* [EXERCISE REQUIREMENTS]: Go through the listing below and repeat it exactly, omitting each picture.

* [EXERCISE DATA]:
——
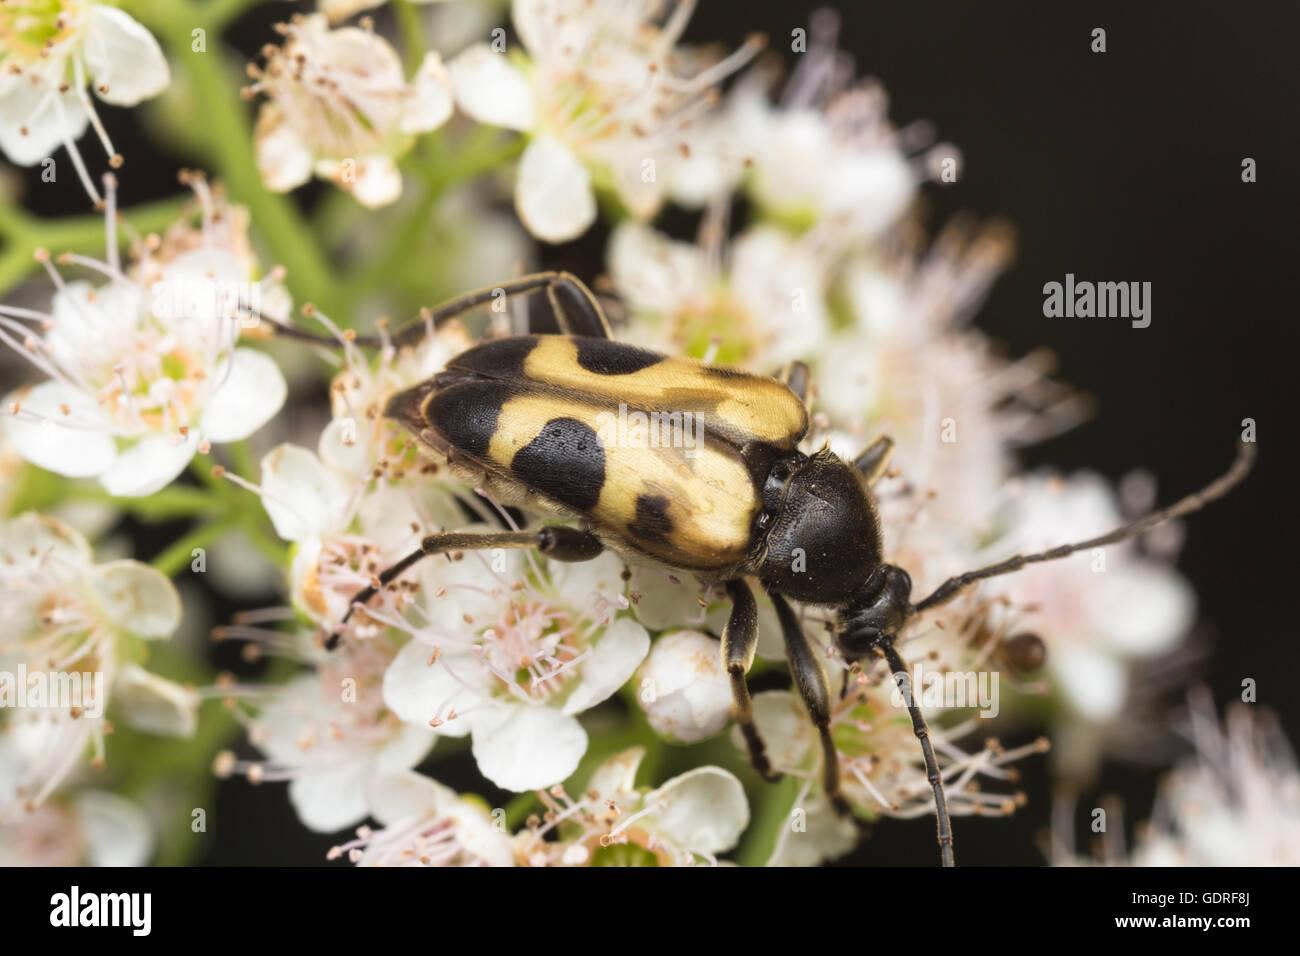 A Flower Longhorn beetle (Judolia cordifera) feeds on pollen. - Stock Image
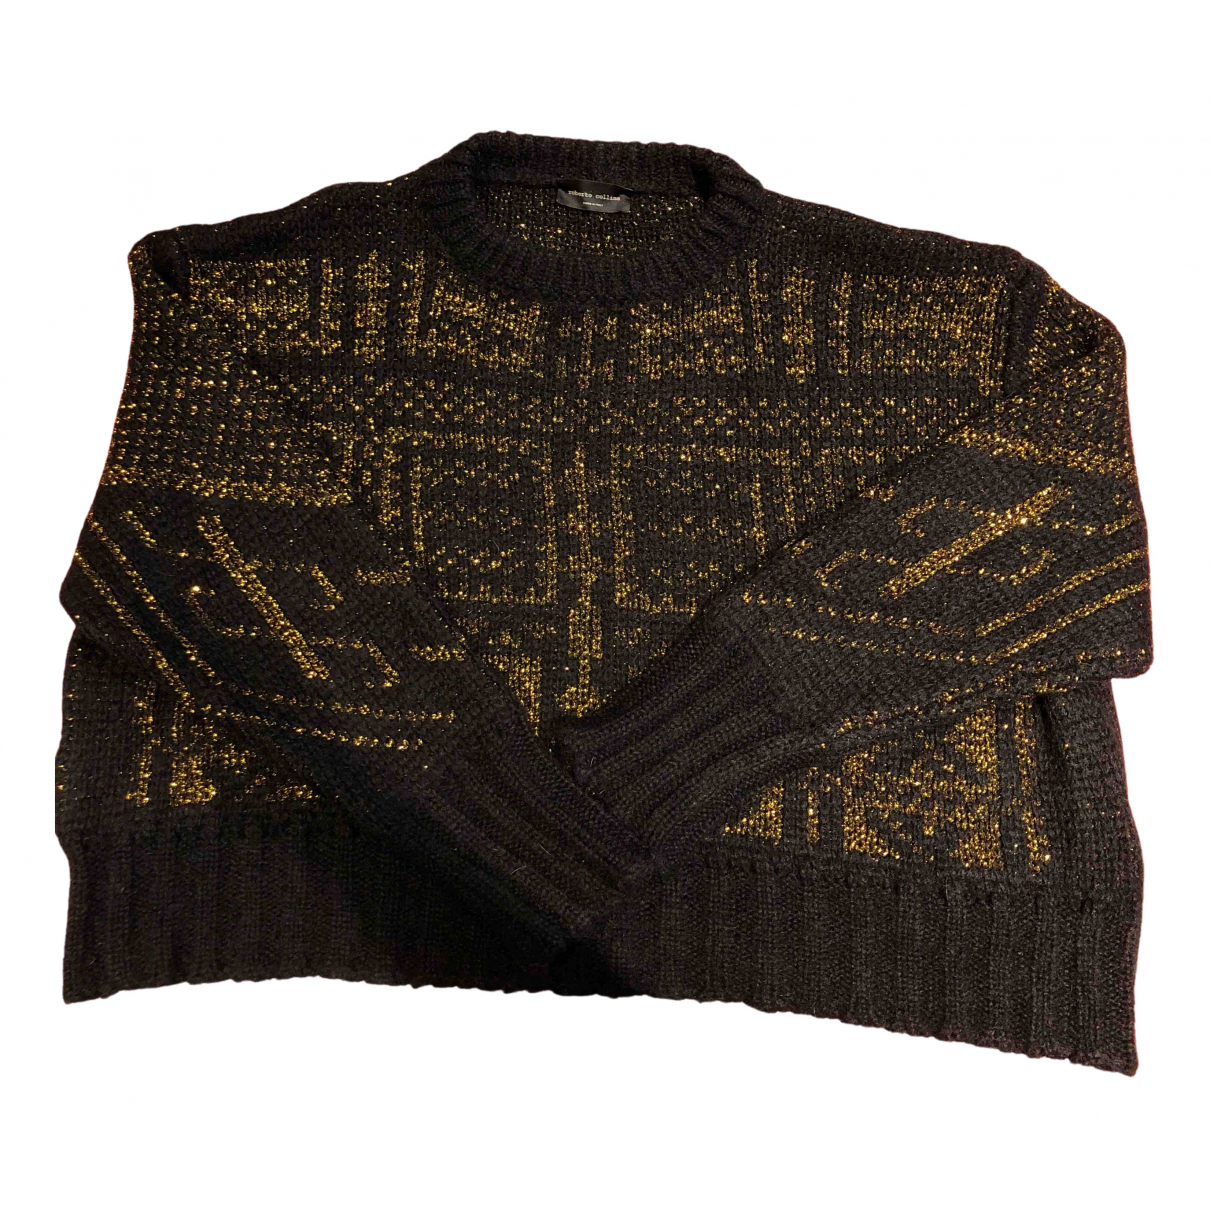 Roberto Collina N Black Wool Knitwear for Women S International
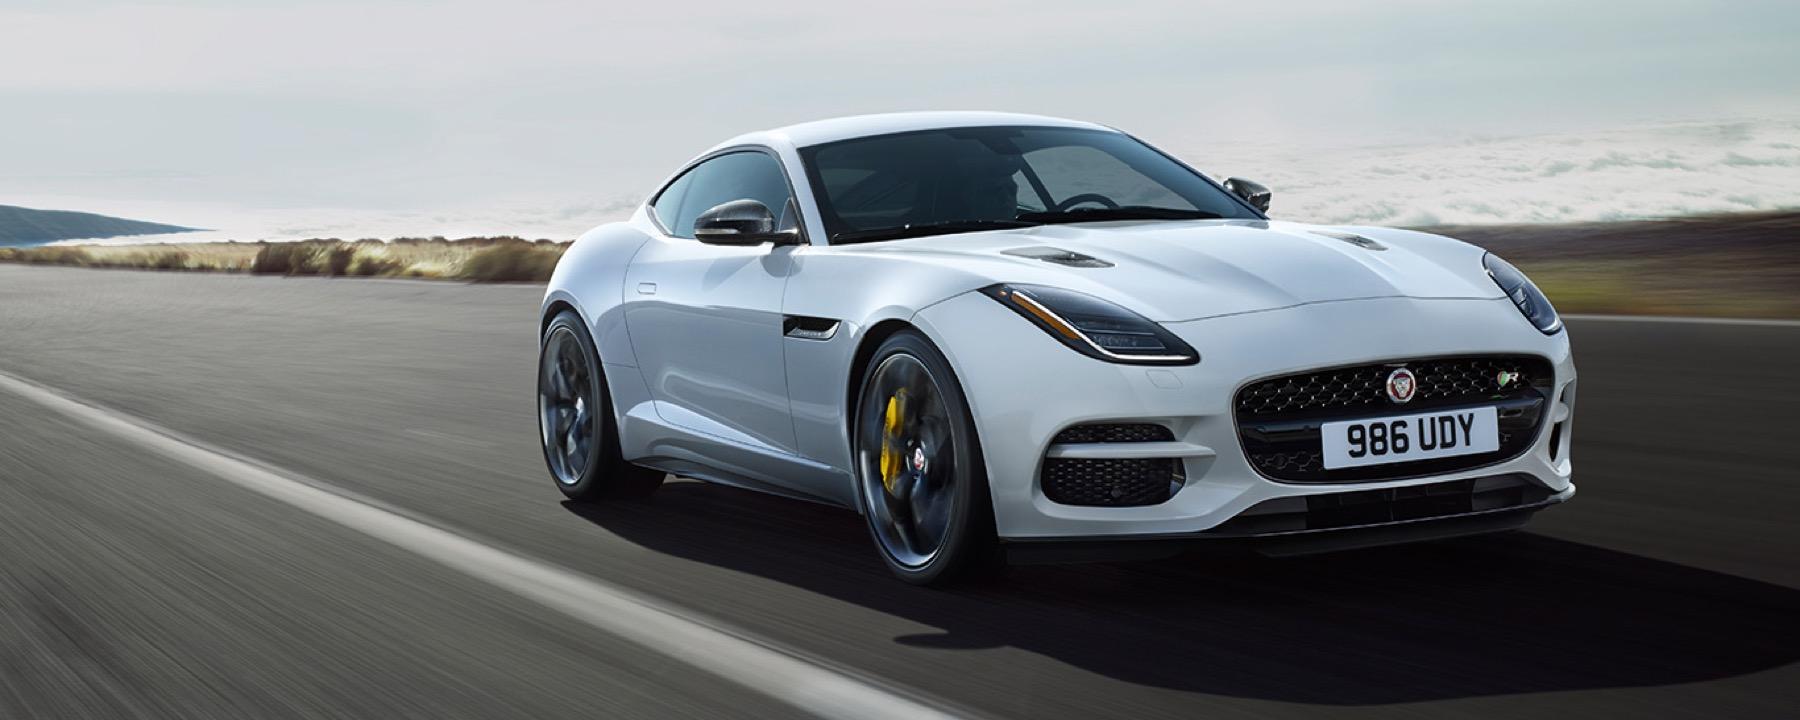 Jaguar Ftype Jpg
——
* [FINAL ANSWER]:
 A Flower Longhorn beetle (Judolia cordifera) feeds on pollen. - Stock Image
 Roberto Collina N Black Wool Knitwear for Women S International
 Jaguar Ftype Jpg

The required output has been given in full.